Hasil evaluasi yang dipimpin KPK dengan menggandeng 12 kementerian/lembaga tersebut mendapati sejumlah temuan mencolok, seperti perusahaan yang tak memiliki NPWP. Kementerian Keuangan kemudian memperbaiki tata kelola tambang agar kegiatan usaha tersebut mendatangkan keuntungan bagi negara, seperti peningkatan PNBP, royalti, dan pajak.
Kementerian ESDM pun melakukan evaluasi dan verifikasi dengan menggolongkan kegiatan tambang dengan clean and clear (CNC) dan non-CNC. Kategori CNC tersebut pada kepatuhan keuangan, tata ruang, tumpang tindih, lingkungan, administratif, dan jaminan reklamasi. Sementara Kementerian Lingkungan Hidup dan Kehutanan juga digandeng untuk memetakan perusahaan yang beroperasi di kawasan hutan, termasuk ketaatan memiliki izin pinjam pakai kawasan hutan (IPPKH).
Upaya perbaikan tata kelola tambang melalui GNPSDA tersebut tampak pada periode 2014-2019. Ia mengkhawatirkan apabila program KPK tersebut dihentikan, isu pertambangan menjadi longgar sehingga reformasi perbaikan tata kelola tambang malah berjalan mundur.
Apalagi, kata Merah, saat ini pemerintah masif meningkatkan investasi tambang melalui koordinasi yang dijalankan Kementerian Koordinator Maritim dan Investasi. Tambang nikel sebagai bahan utama pembuatan batu baterai mobil listrik saat ini digenjot.
Hal-hal tersebut di antaranya dikhawatirkan menyasar pulau-pulau kecil yang tersebar di Indonesia bagian timur yang memiliki cadangan bijih nikel. Saat ini saja, kata dia, terdapat 165 konsesi pertambangan di atas 55 pulau-pulau kecil di Indonesia. Dari 55 pulau tersebut, sejumlah 22 pulau merupakan konsesi nikel.
Bukan saja dampak langsung berupa kerusakan pulau yang berdampak pada keberadaan masyarakat setempat, operasional tambang di pulau kecil tersebut juga mengancam kehidupan pantai dan laut setempat. Sejumlah praktik pertambangan di pulau kecil menunjukkan erosi sedimen hasil pembukaan lapisan tambang menimbulkan kematian bagi ekosistem pesisir, seperti terumbu karang, lamun, dan mangrove.
Bukan saja dampak langsung merusak pulau yang berdampak pada keberadaan masyarakat setempat, operasional tambang di pulau kecil juga mengancam kehidupan pantai dan laut setempat.

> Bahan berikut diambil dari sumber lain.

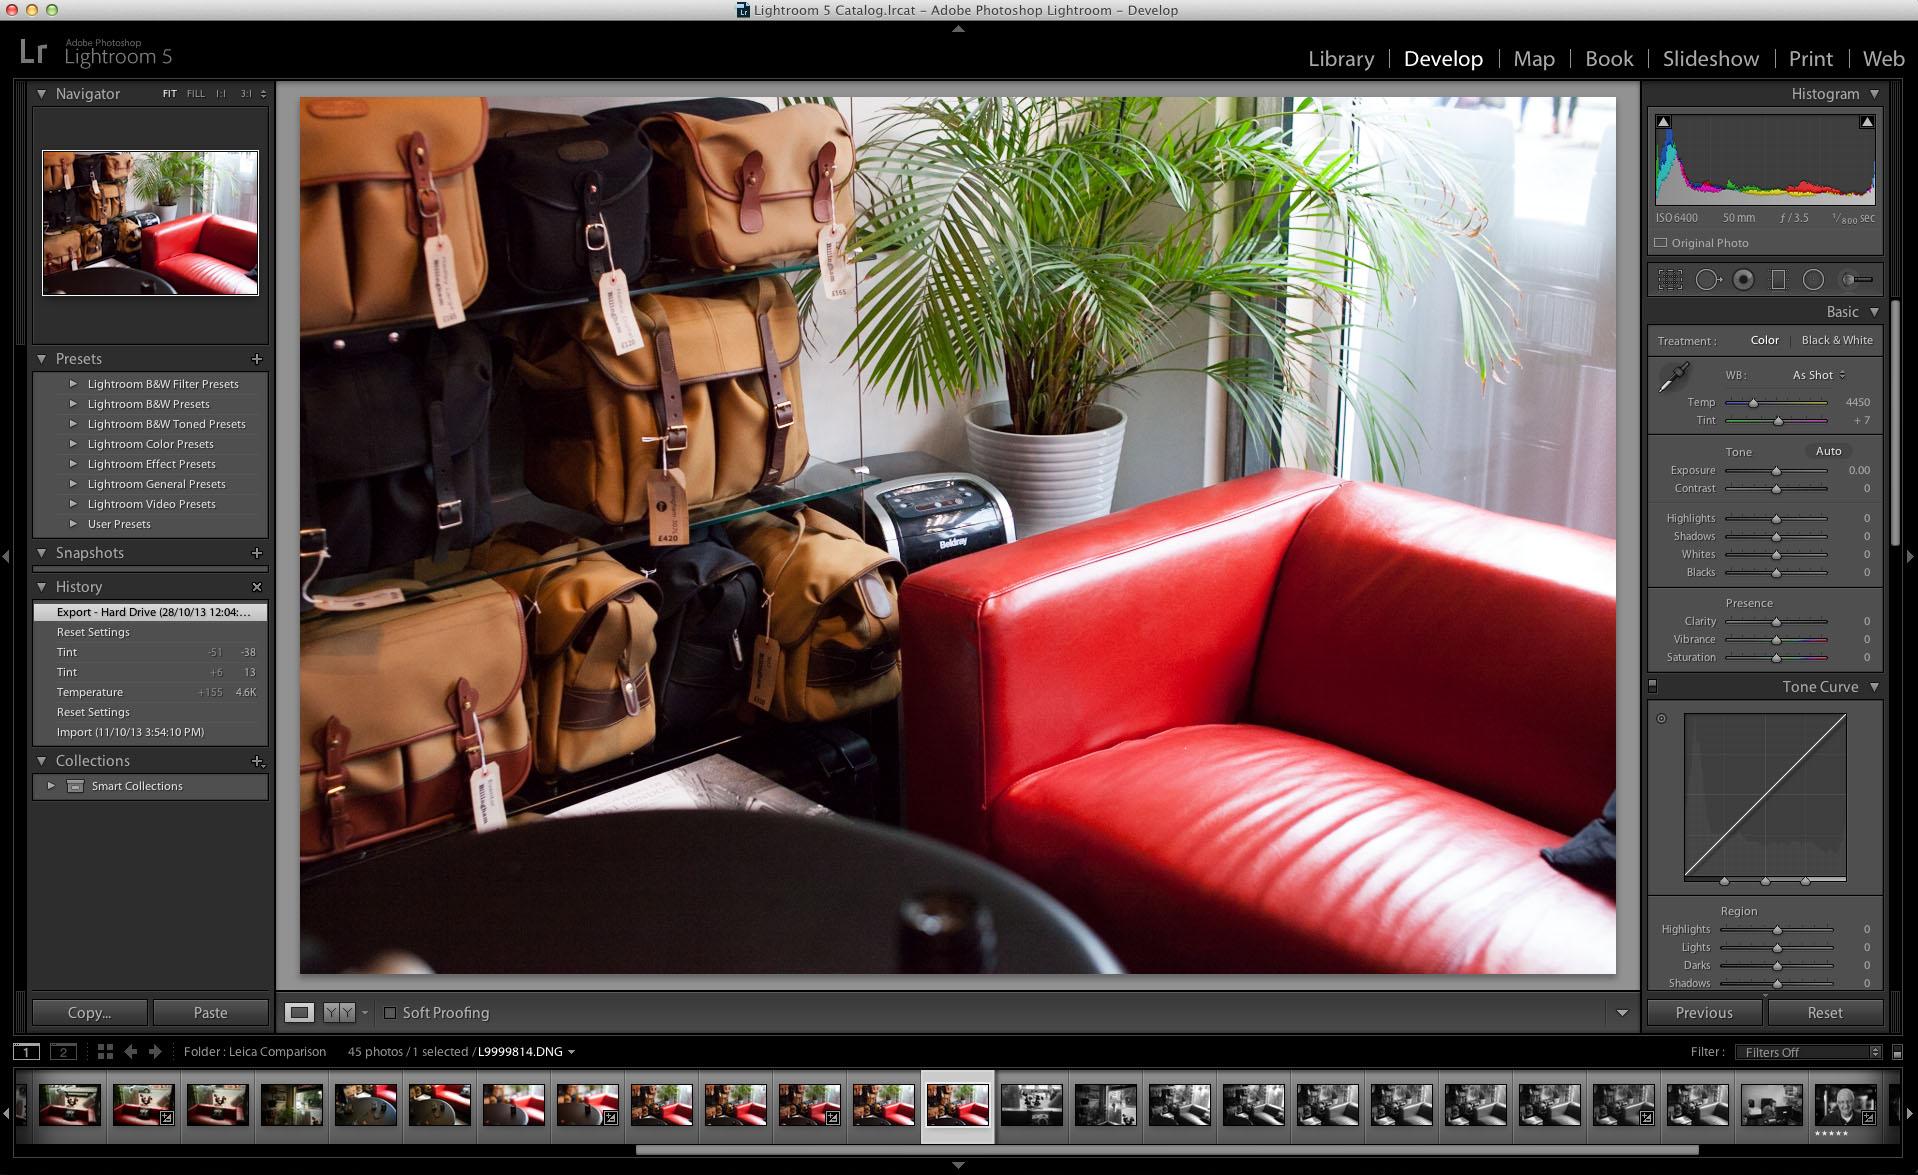 Apple Photos Vs Adobe Lightroom
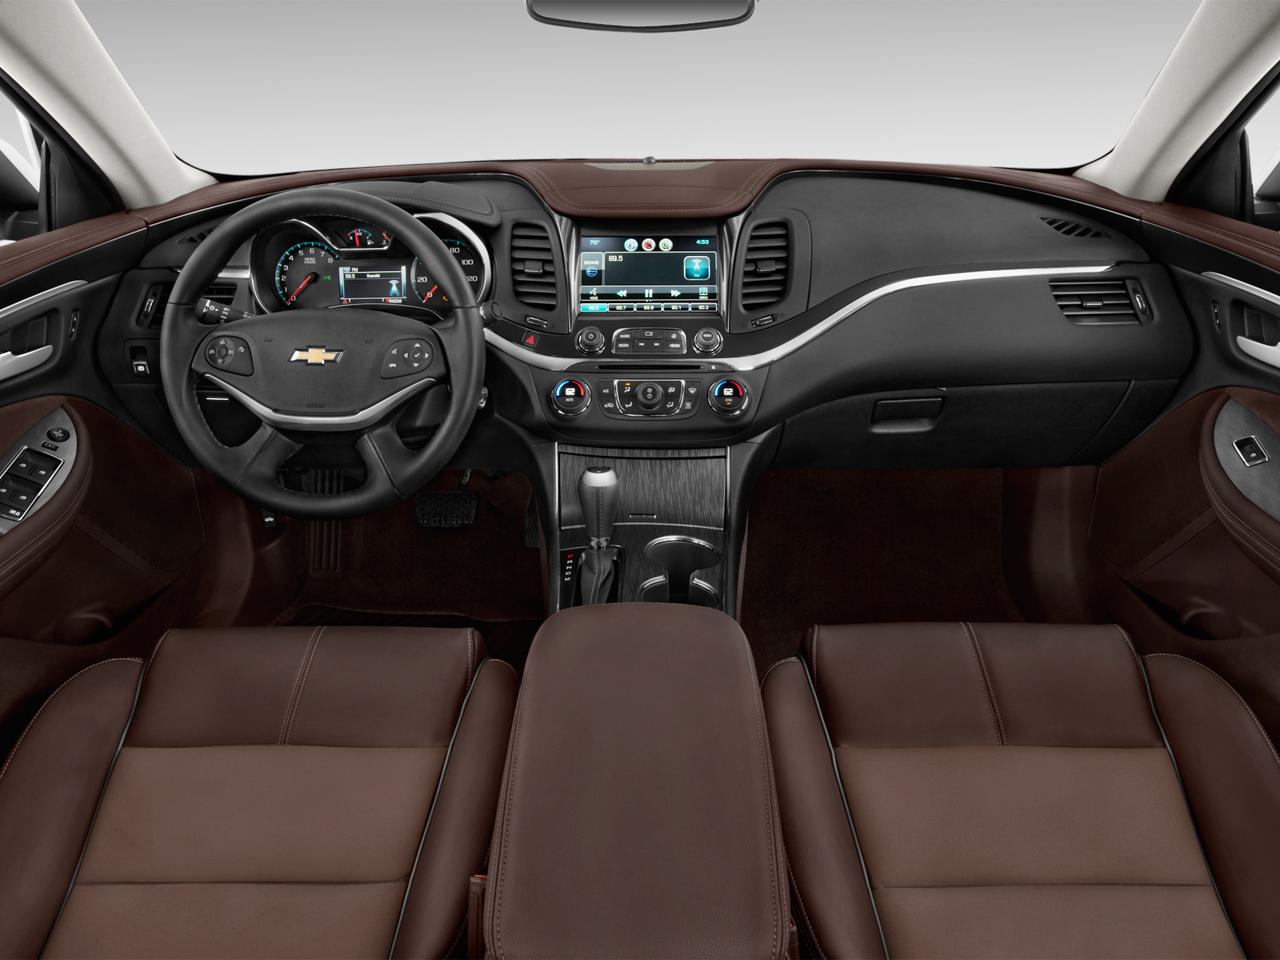 2016 Chevrolet Impala Dashboard Interior

Selain itu, ancaman lain yang muncul, yaitu pembuangan limbah tailing hasil pengolahan industri tambang. Keterbatasan lokasi membuat pengelola usaha maupun pemerintah menempatkan limbah tailing tersebut ke dasar laut. Hal ini dikhawatirkan menimbulkan permasalahan karena keterbatasan kajian laut dalam pengambilan keputusan dan penyusunan aturan.
Bekas tambang
Secara terpisah, Wakil Menteri Lingkungan Hidup dan Kehutanan Alue Dohong mendorong agar pemerintah daerah rutin dan tegas mengawasi kegiatan tambang, terutama tambang ilegal, di daerah masing-masing. Ia mencontohkan praktik tambang ilegal di Lebak, Banten, agar dilakukan penegakan hukum.
”Kita memang mau menurunkan penegak hukum. Namun, jangan segala sesuatu KLHK semua yang mengerjakan. Pemda yang atur wilayah dan bagian masyarakatnya juga harus turun,” ujarnya.
Alue mengatakan, Indonesia telah memiliki contoh penyelesaian tambang ilegal di Gunung Botak, Pulau Buru, Maluku. Ia mengatakan lokasi-lokasi yang telanjur ditambang tersebut mulai direklamasi dengan melibatkan masyarakat setempat agar mendapatkan manfaat tambahan.